The two attacks on Tuesday follow another shooting on Saturday 27 March in which Christian Tanalida, 37, was killed near central Poso. This shooting occurred a few hours after the discovery of bomb outside a church in Maleali subdistrict, some 60 miles northwest of Poso.
RIDE BY SHOOTINGS
‘Ride by shootings’ and other attacks by motorcyclists are becoming a common feature of anti-Christian violence in Central Sulawesi, suggesting some kind of coordination in these attacks which occur over a widespread area. Most recently, on 11 March, a woman in the village of Maranatha, 18 miles to the south of regional capital Palu, was hacked to death by motorcyclists wielding machetes. On 24 January motorcyclists attacked a village 20 miles to the west of Poso, injuring a policeman. On 5 December motorcyclists shot at six young
Christians in Poso itself, injuring two. On 29 November Muslims pulled up on a motorbike outside a church 70 miles to the east of Poso and shot dead two worshippers.
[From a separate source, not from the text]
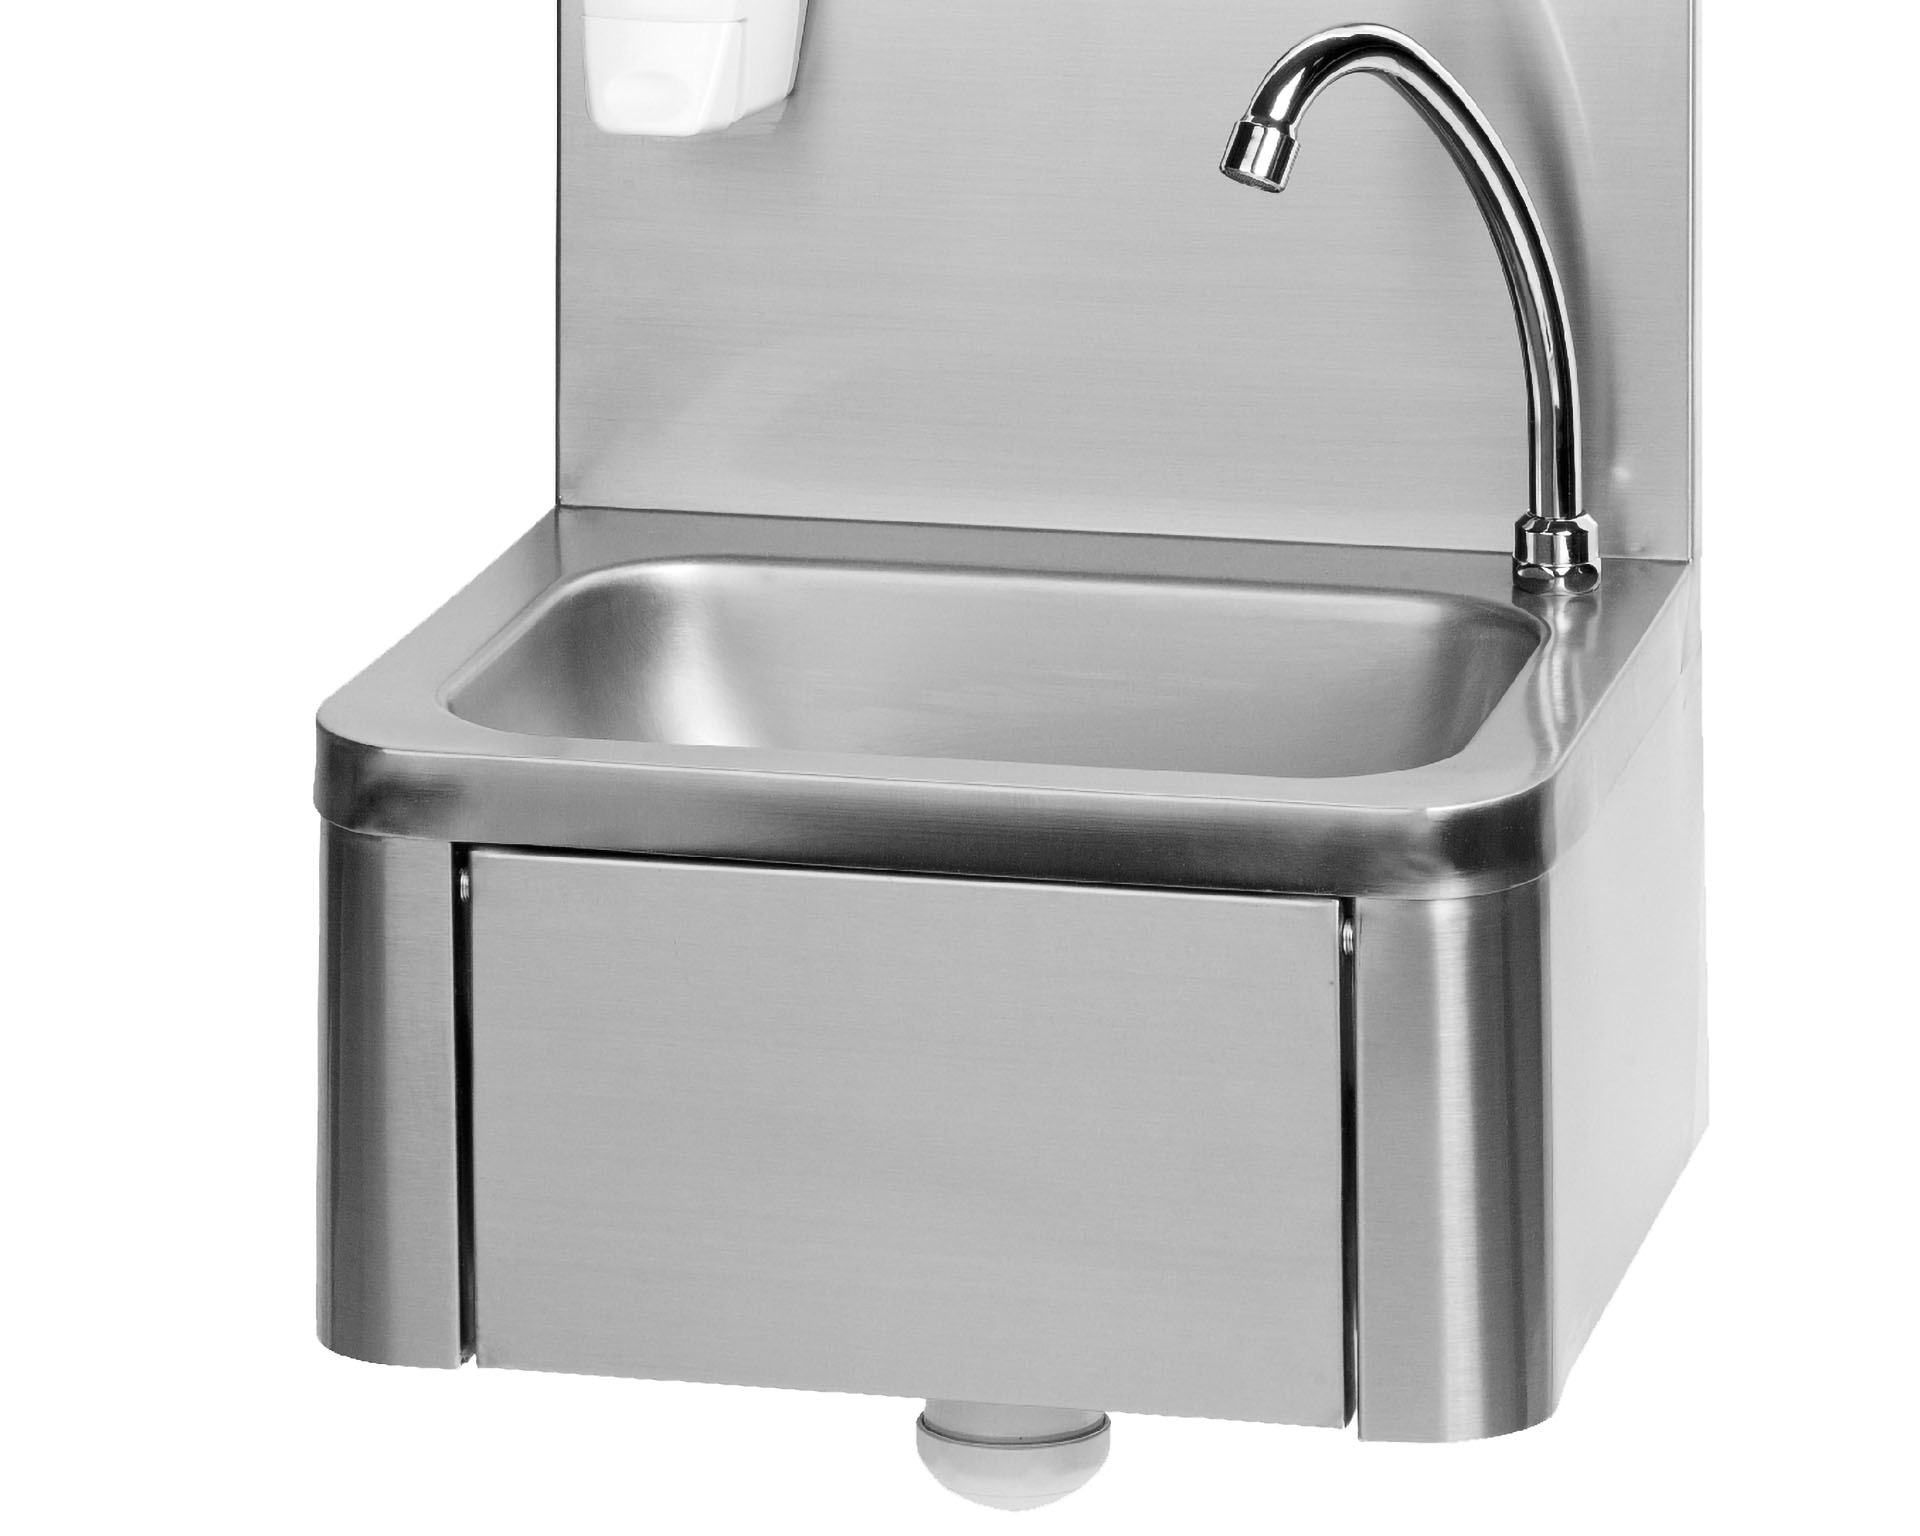 Edelstahl Handwaschbecken mit Kniebedienung - 400x340x(h)595mm

On 1 October a Christian convert from Islam was gunned down in Pandiri (12 miles south of Poso), by two assassins on a motorbike.BACKGROUND AND ANALYSIS
Between 1999 and 2001 all out fighting in the area around Poso claimed some 2000 lives. It ended with the Malino Peace Accord in December 2001, but sporadic violence has continued ever since. Analysts say that several of the recent attacks are being carried out by a particularly violent local Islamic group called Mujahideen Kompak. They in turn are a subgroup of the militant Islamist group Jemaah Islamiyah (JI) that operates in many countries of Southeast Asia with the aim of setting up an Islamic Super-State under the rule of shari’a
(Islamic law). JI were responsible for the Bali bombings and for the church bombings on Christmas Eve 2000 which killed 18 Christians celebrating Christmas.